Она немного смутилась, но все-таки сказала:

— А вы… я слышала про вас… Говорят, вы немецкий самолет сбили?

В ее голосе не было недоверия. Лишь удивление. Видимо, она плохо представляла себе, как такое возможно.

— Повезло, — отмахнулся Ловец, но вдруг поймал себя на желании не отмахиваться, а поговорить с ней. Просто поговорить честно. — Сейчас важнее другое. У вас тут… тяжело. Столько раненых… Даже не знаю, как вы справляетесь.

Это была глупая фраза, констатация очевидного. Но Полина не стала уклоняться от разговора.

— Каждый день сейчас тяжелый. Но здесь мне гораздо лучше, чем на передовой. Там вы все сами видели. Одних раненых эвакуируешь, так сразу другие раненые поступают. Не успеваешь бинтовать раны…

Она вздохнула, отложила бинты и добавила:

— Иногда мне кажется, что эта река боли никогда не кончится. Я ненадолго здесь задержусь. С первой же колонной вернусь на фронт…

Они говорили еще несколько минут — о буднях войны, о морозе, о том, как не хватает самых простых вещей: дров, лекарств, одеял для раненых и даже еды. Разговор был осторожным, как зондирование почвы. И в этой осторожности, в умении слушать, в грустной мудрости ее взгляда чувствовалось что-то, что задело в Ловце давно зажившую, как ему казалось, душевную рану.

Он предложил проводить девушку до барака, где жил медперсонал — путь был недолгим, но уже совсем темным, поскольку ничего в темноте раннего февральского вечера не светилось из-за светомаскировки. Она, после секундного колебания согласилась, кивнула.
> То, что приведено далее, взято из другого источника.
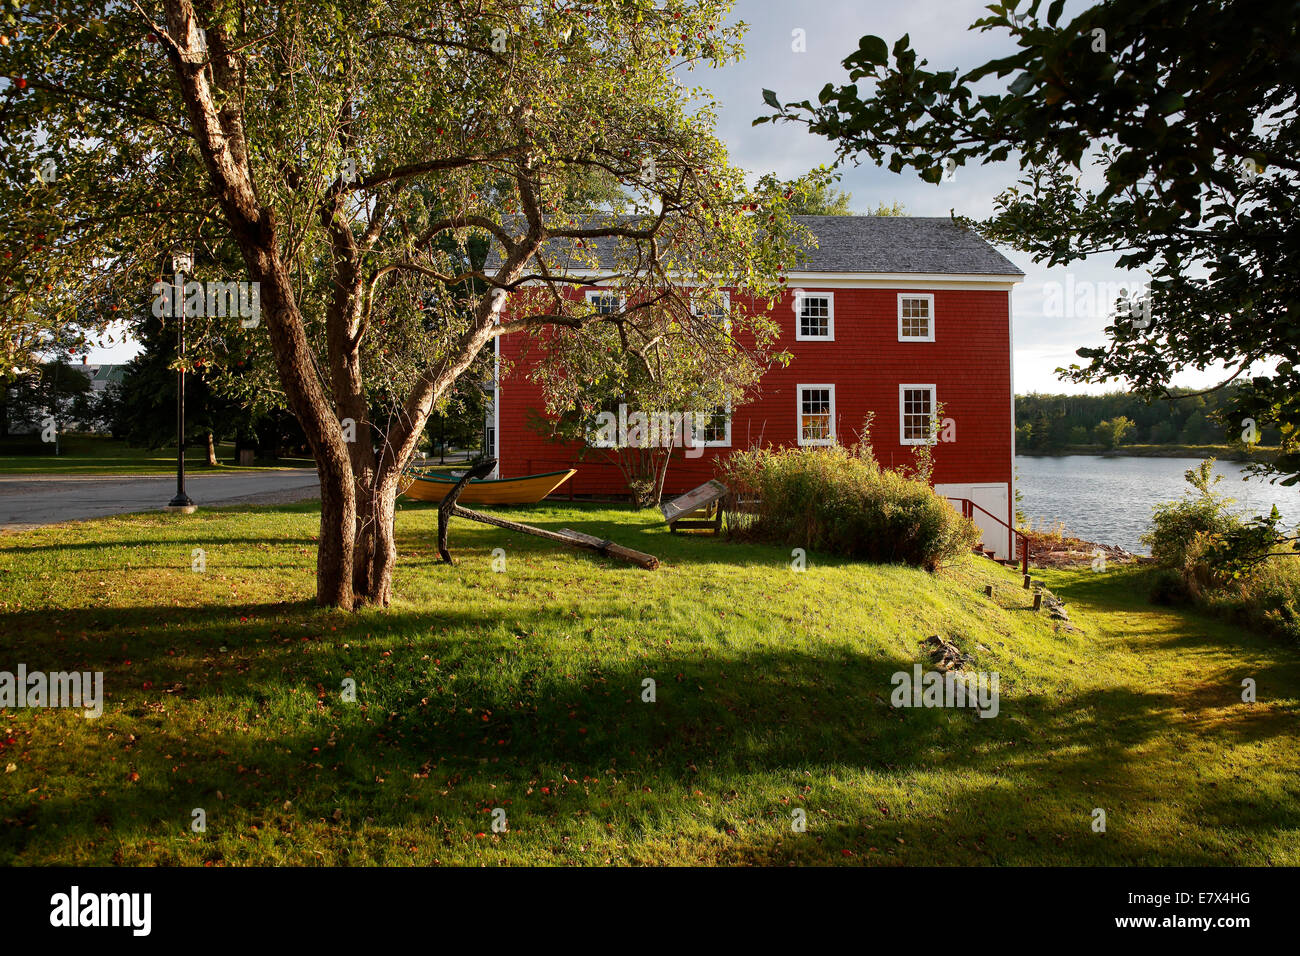 Village de Sherbrooke, Sherbrooke, Nova Scotia Canada Banque D'Images

Они вдвоем вышли на холод и пошли по заснеженной улице под хрустальными звездами морозного неба, далекими и безразличными. Тишину нарушал лишь скрип их шагов по насту. И в этой тишине, под этот мерный скрип, в памяти Ловца ожили воспоминания, которые он старательно глушил смертельным риском и адреналином.

Лена. Имя, которое он не произносил вслух уже, казалось, несколько жизней. Лена с ее точеной фигурой, с длинными ногами, со смехом, похожим на звон хрусталя, и с голубыми глазами, в которых он когда-то видел целый мир. Они долго встречались в его «прошлом будущем», когда он был еще старшим лейтенантом спецназа, полным амбиций и веры в любовь. Она вскружила ему голову. И он, дурак, тогда действительно поверил, что это чувство между ними навсегда.

А потом был тот пьяный вечер, та подворотня, пьяные рожи с ножами, пристающие к ней. Он полез драться, не думая о последствиях — сработал рефлекс защитника, воина. Только в его случае рефлекс был отточен до смертоносности. Трое из четверых остались на асфальте навсегда. Но, единственный выживший, самый молодой, которого он пожалел, не решился добивать, стал свидетелем обвинения. Да еще у парня оказался папаша со связями… Потом был приговор, лишение звания и тюрьма.

Но, самым страшным ударом тогда стало даже не это. А глаза Лены в зале суда. Холодные. Отчужденные. И ее свидетельские показания… А потом — письмо. Короткое, сухое. «Коля, я не могу ждать. Не могу связывать жизнь с осужденным. У меня другая судьба». Через несколько месяцев он узнал от бывшего сослуживца, который хлопотал за него, — она вышла замуж за какого-то «успешного предпринимателя», разбогатевшего на сомнительных поставках угля, курируемых родней с «административным ресурсом».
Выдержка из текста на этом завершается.